Air Force installation to begin M2M comms across systems, infrastructure

News

December 02, 2025

Lisa Daigle

Assistant Managing Editor

Military Embedded Systems

Graphic courtesy Corsha

TYSONS CORNER, Va. Corsha, a company acting as a Machine Identity Provider (mIDP) that works to secure machine-to-machine (M2M) communication across operational systems and critical infrastructure, announced that the U.S. Air Force Sustainment Center (AFSC) at Warner Robins Air Logistics Complex (WR-ALC) achieved an Authorization-to-Operate (ATO). 

Under the ATO, according to the Corsha announcement, AFSC is using the Corsha mIDP platform to employ zero-trust principles to Operational Technology (OT), build machine identities for operational systems, and provide robust access control for system-to-system connections across industrial networks. The majority of the traffic, say Corsha officials, goes over automated manufacturing networks and is system-to-system rather than human-to-system; Corsha’s mIDP platform focuses on securing these systems, bridging legacy equipment to modern cloud-native platforms.

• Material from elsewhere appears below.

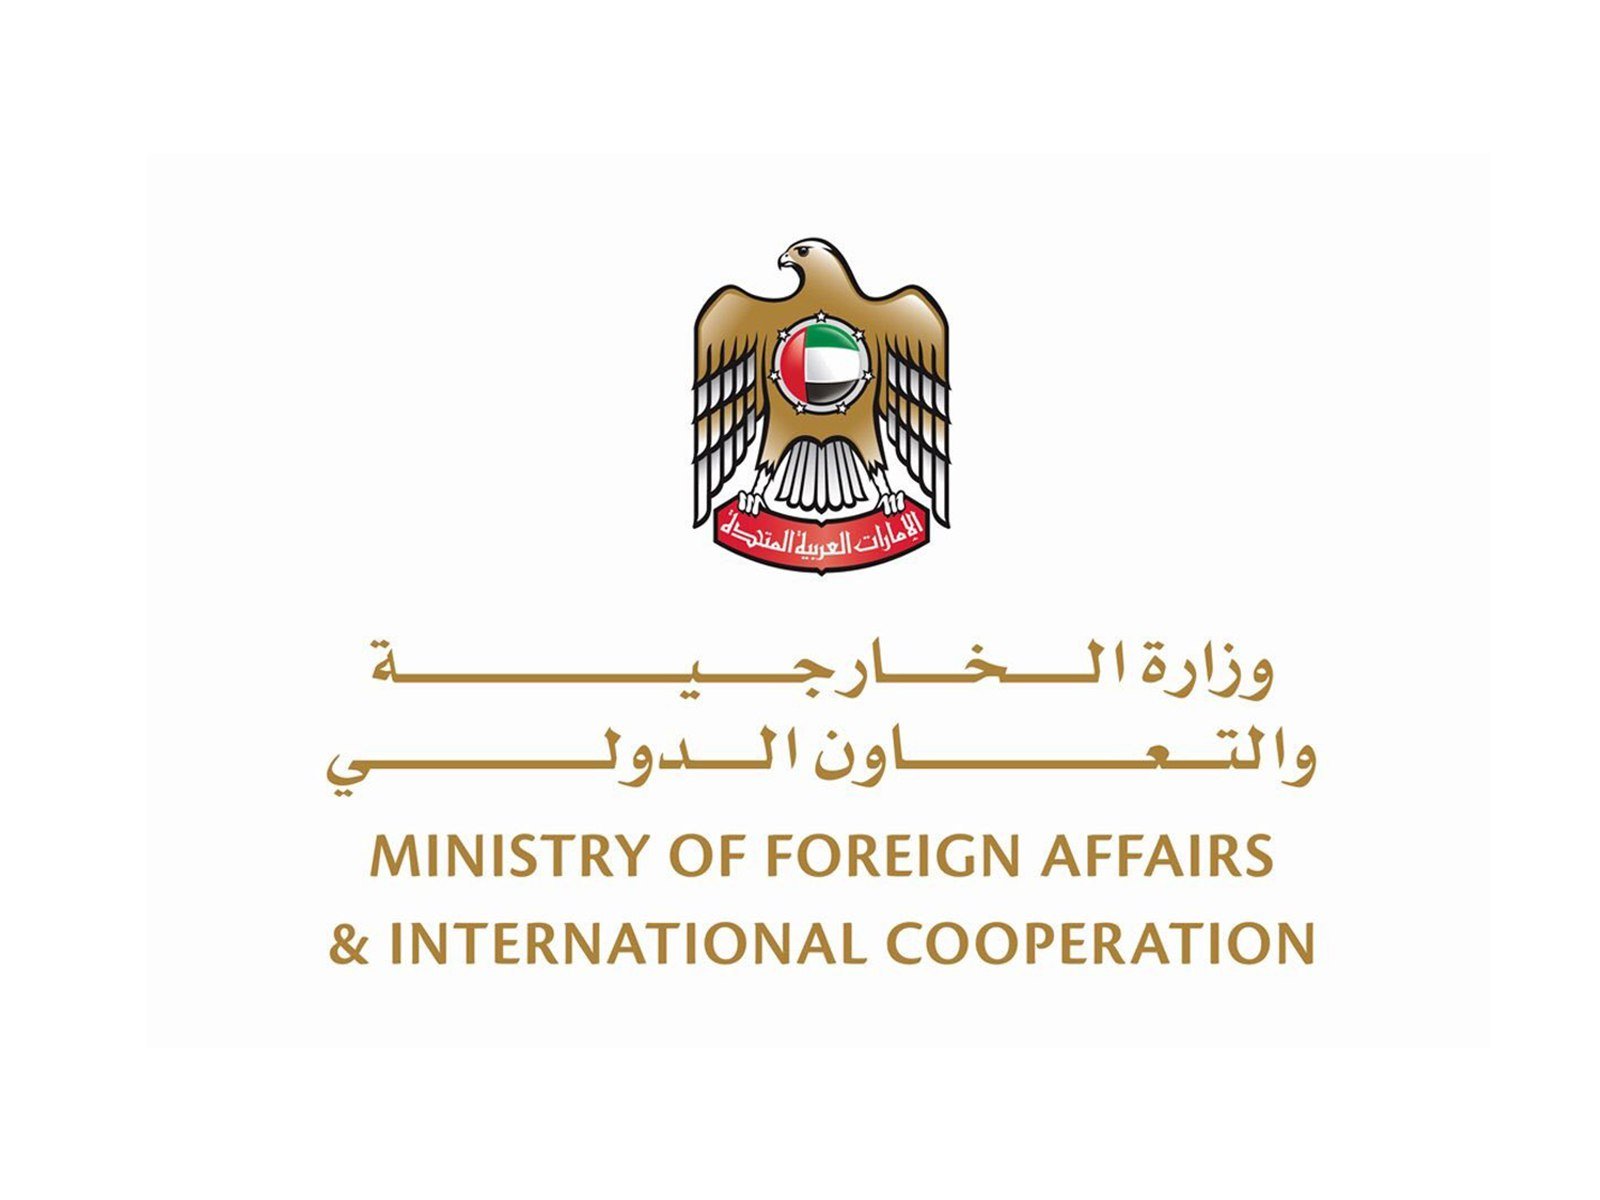 The United Arab Emirates condemns the assassination of Iranian scientists and calls on all parties to exercise restraint.

“The ATO-approved solution provides a blueprint for quickly and securely introducing modern technologies across the shop floor at AFSC/Robins using zero trust principles.” said Anusha Iyer, CEO and Founder of Corsha. “Working closely with Shane Groves, the Robotics SME at WR-ALC, we are taking an identity-centric approach to securely connect operational systems and help realize the potential of automation, model-sharing, and data-driven decisions for legacy and modern systems alike.”

This development is enabling AFSC to streamline robotic model building, reduce manual tasks, and improve maintenance planning.